Of the four parameters included for analysis, the models were consistently (at all locations) most sensitive to changing of the heat stress (‘bleaching’) threshold (i.e. ‘adaptation’), particularly in the models' end outcome (i.e. year 2099). Varying this parameter between 0 to 2°C per century (at 0.5°C steps) resulted in an overall (averaged for both the individual model ensemble and the Monte Carlo methods at all locations) ensemble mean normalized variance of 0.05 (5%) for year 2050 and 0.61 (61%) in year 2099. Variance in the standard deviation of individual outcomes (ensemble members) was far smaller (<10% overall).

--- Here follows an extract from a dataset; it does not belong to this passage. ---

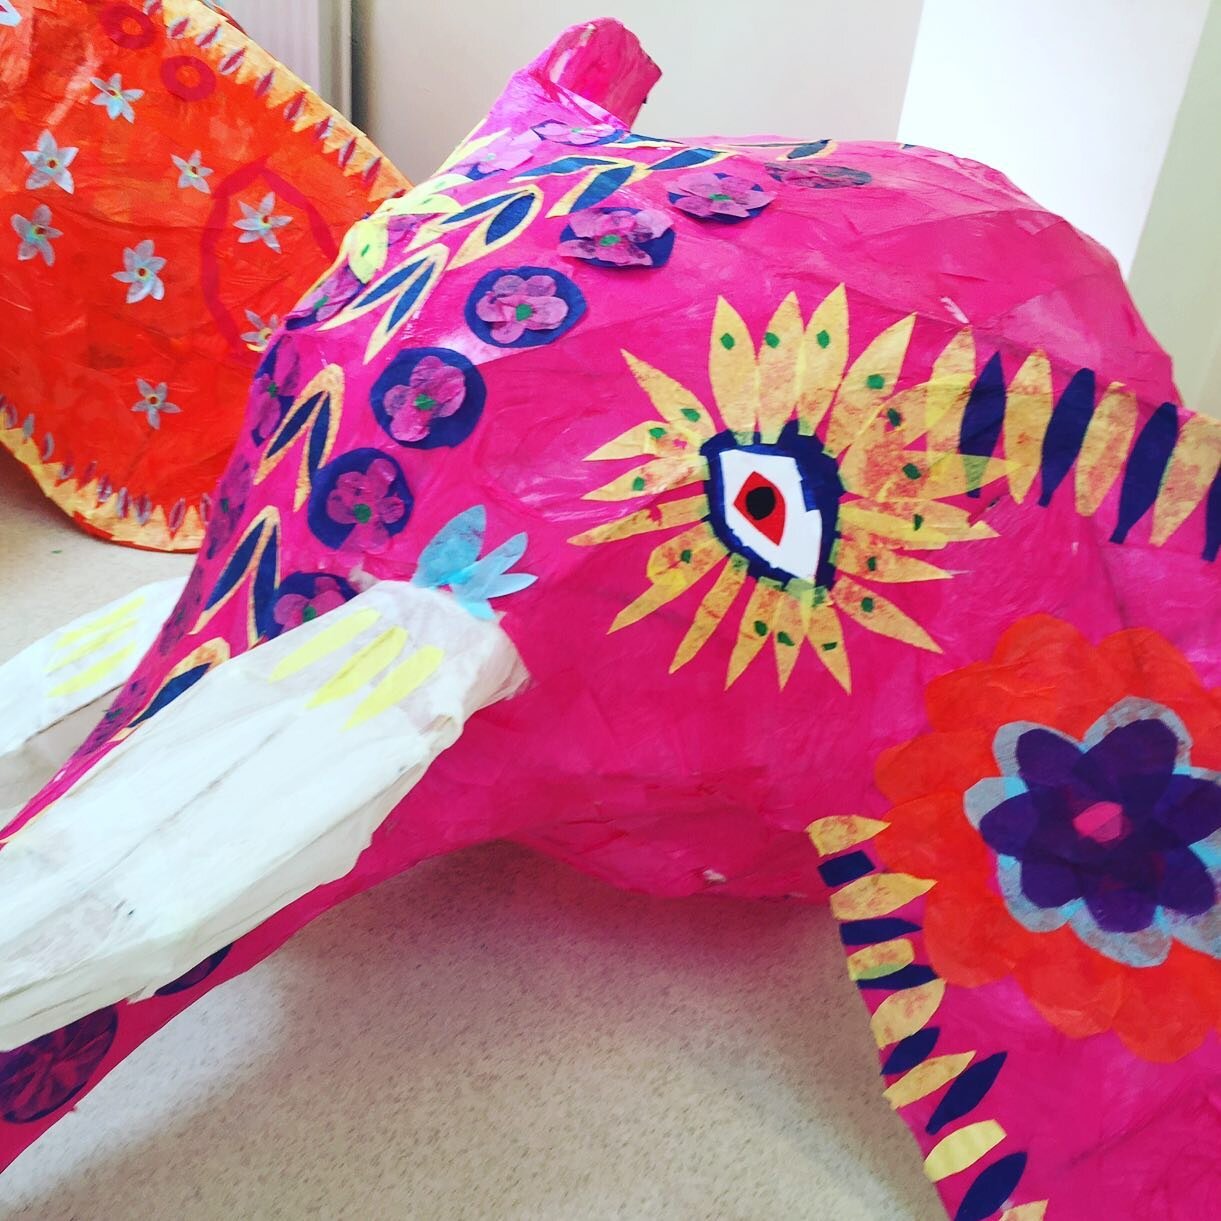 Giant elephant head masks with rangoli inspired patterning #primaryschoolart #schoolartworkshops #teachergram #theprimaryteacherresource #artworkshop #willow #willowsculpture #elephant #masks #animalmasks #theschoolartist

In comparison, model sensitivity to the different DHM/mortality curves (Fig. 3) was much lower (overall ensemble mean variance of 0.4% and 0.6% in 2050 and 2099, respectively) and also lower for the Ωa-sensitivity coefficient, particularly in terms of the models' end outcome in year 2100 (overall ensemble mean variance of 3% and 9% in 2050 and 2099, respectively). Unlike when varying the other parameters, perturbing the growth curves (Fig. 2) led to inconsistent behavior. Normalized variance of overall ensemble means was not as low (11% in 2050, 9% in 2099), with a very high variance in the standard deviation of outcomes (59% in 2050, and 49% in 2099). This was due to a small number of highly unstable model ensemble members (leading to coral growth changes of up to 700%) which occurred only at the northern locations (FFS and MID). These unstable ensemble members occurred in less than 10% of the model runs at these locations. If these spurious members are removed, overall normalized model variance is 0.8% in 2050 and 2% in 2099. Data from the sensitivity analysis are summarized in Table S2A.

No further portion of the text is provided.